With Cowher, Steelers' loss is Ravens' gain

January 06, 2007|By JOHN EISENBERG

The fact that the Ravens swept the Pittsburgh Steelers and are on to bigger and better things this season could lead to the perception that Bill Cowher's resignation isn't a big deal for them. Wrong, wrong, wrong. It's a huge deal.

The coach known as The Chin, who announced his resignation yesterday after coaching the Steelers for 15 seasons, got the best of the Ravens much more often than not. He dominated them.

There's no telling what will happen in Pittsburgh now, but the departure of Cowher, one of the NFL's best coaches, means the Ravens have a better shot at becoming the lords of the AFC North.

The Ravens won't miss anything about sharing a division with Cowher.

Wait, they'll miss at least one thing. He was good theater for the fans. Nothing got Baltimore's football faithful more jacked up than a game against Cowher's Steelers. With spittle spewing from his jutting chin on a windswept afternoon, Cowher was the archetypal tough guy you loved to beat.

Although fans on both sides will keep bringing the heat, the annual home-and-home series between the teams is bound to be a little less intense with Cowher gone. That's a shame.

Oh, and there's another way the Ravens will miss Cowher, who went 149-90-1 in regular-season games and reached the playoffs in 10 of his 15 seasons: He and his teams faithfully provided an accurate measuring stick. Opponents such as the Ravens could always get a handle on where they stood when they took on the Steelers.

It happened to the Ravens this season. They were beginning to think they had an elite team as the season progressed, but they knew they were good after they blasted the Steelers on Nov. 26.

Cowher almost always fielded teams that were tough, competitive and in the playoff mix; even in this down season, in which the Steelers finished 8-8, they were still so formidable that Ravens coach Brian Billick repeatedly said the Steelers were the most talented team on the Ravens' schedule.

The Ravens played Cowher's Steelers 23 times starting in 1996, when Art Modell moved the franchise here from Cleveland. The Steelers won 14 of those 23 games, including one in the playoffs in January 2002.

The Ravens also had some success in the rivalry, but really, not that much until this season.
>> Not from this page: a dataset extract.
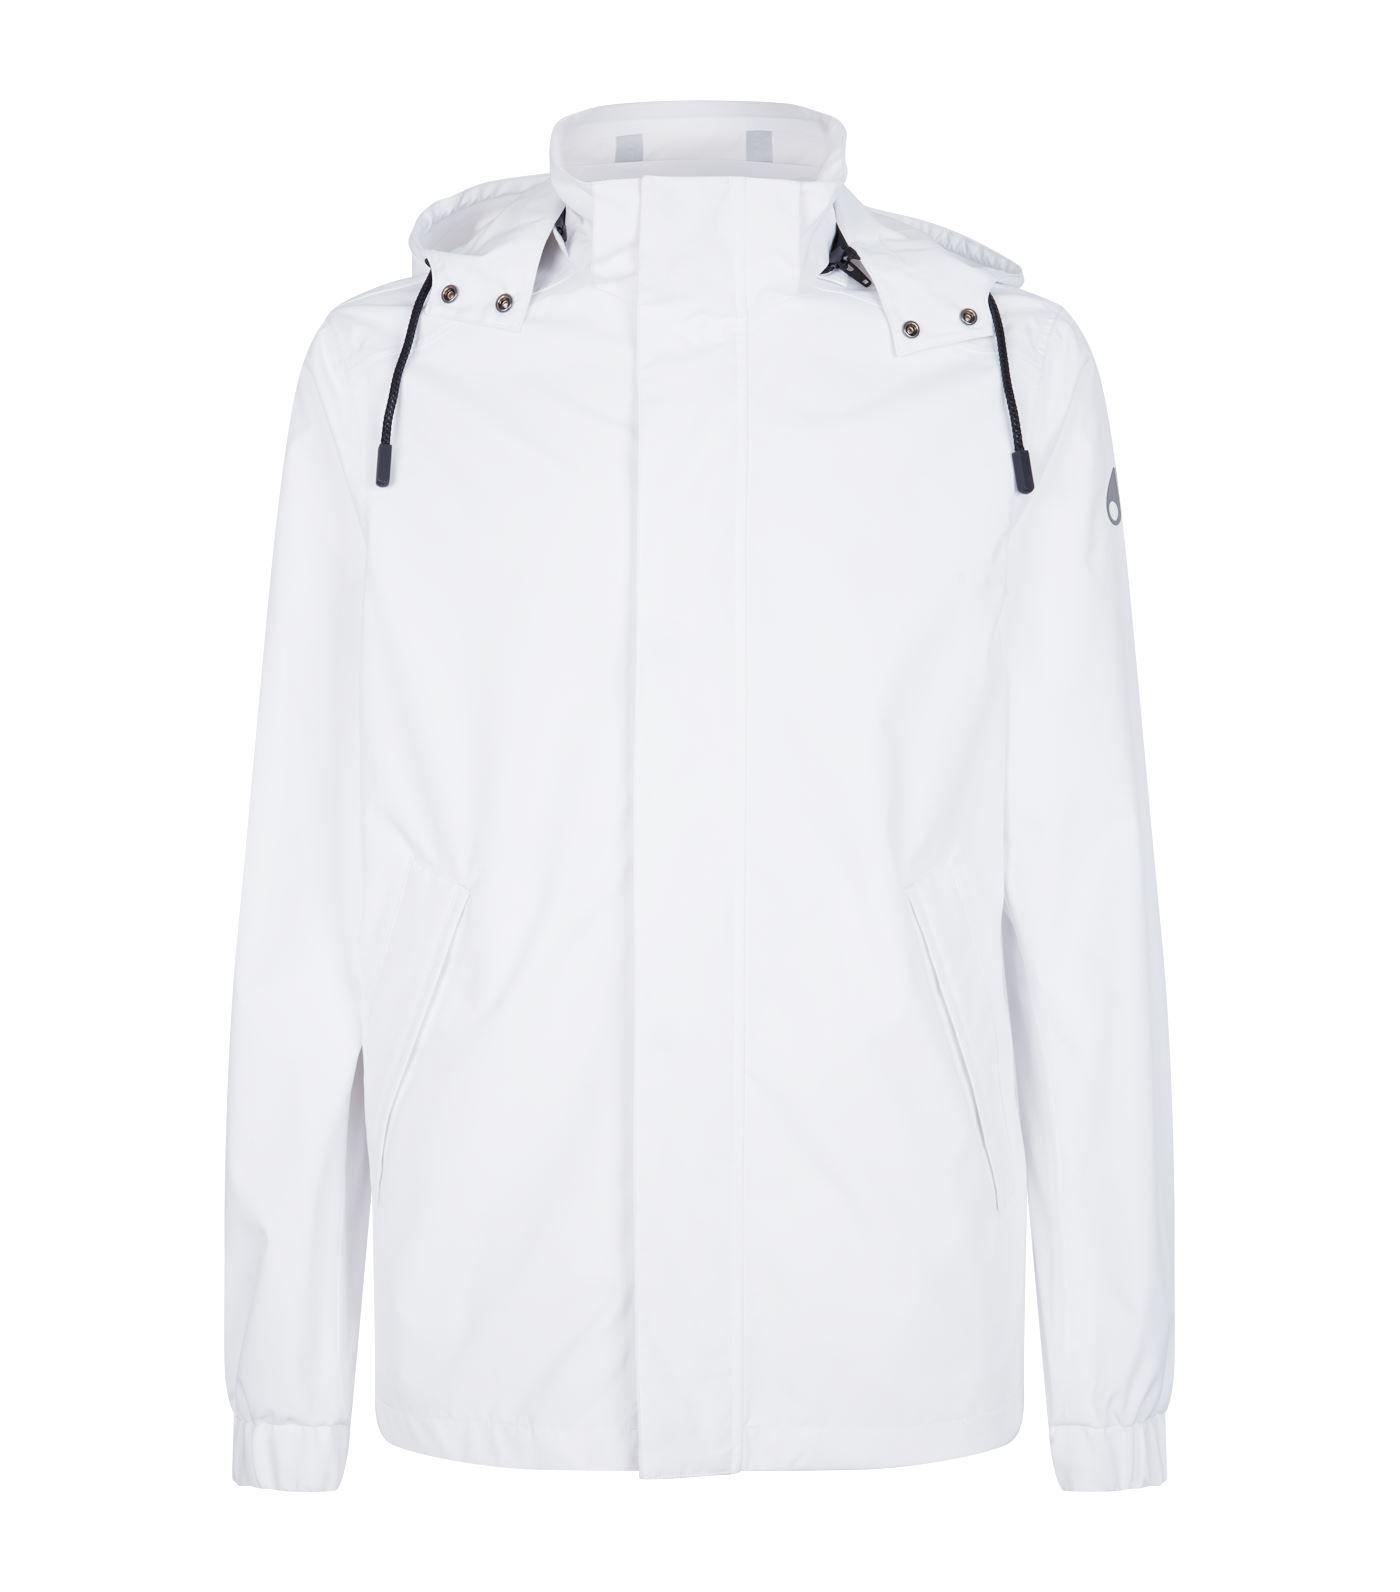 Moose Knuckles Hooded Jacket In White Modesens Hooded Jacket Jackets Hooded Jacket White [ 1592 x 1400 Pixel ]

They had won just three of their past 10 games against the Steelers before 2006.

Cowher's Steelers finished higher than the Ravens in the standings in seven of the 11 years in which they shared a division. The Steelers won five division titles in that time and the Ravens won two. Each won one Super Bowl. (The Ravens could add a second this season.)

Cowher's successor may well keep things going, but Cowher did it for a long time, and that's an increasingly tough task in a league that conspires to pull winning teams down and push losing teams up. It's become common for NFL teams to "yo-yo" - rise one season and fall the next - but Cowher was a master at fending off the forces of parity and keeping a good thing going. Eight of 11 times in his career, he came back from a winning season to post another winning season.

Think that's easy? Billick, a pretty accomplished coach in his own right, has had four chances to follow up a winning season with another. He has succeeded half the time.

This time of year, when the NFL coaching carousel is in full swing, it becomes clear just how many mediocrities and outright frauds are in the business. Nick Saban may have somehow finagled a $32 million commitment from the University of Alabama, but few people in Miami were sorry to see him leave the Dolphins.

The same certainly could be said about Dennis Green's departure from Arizona or Jim Mora's from Atlanta. Will anyone feel a sense of loss? How could they?

But Cowher's departure from Pittsburgh - now, there is a palpable setback for an organization.

Incredibly, some Steelers fans aren't sad to see him go; until last season, when he led the Steelers to a Super Bowl victory, he had a tendency to lose big playoff games at home, a habit that breeds disaffection. And 15 years is a long time. Sometimes, people just want to see a new act.

But those who are happy to see Cowher go should know that the Ravens and the rest of the citizens of the AFC North are privately toasting his departure and sighing with relief. Cowher was tough on them. For a long time.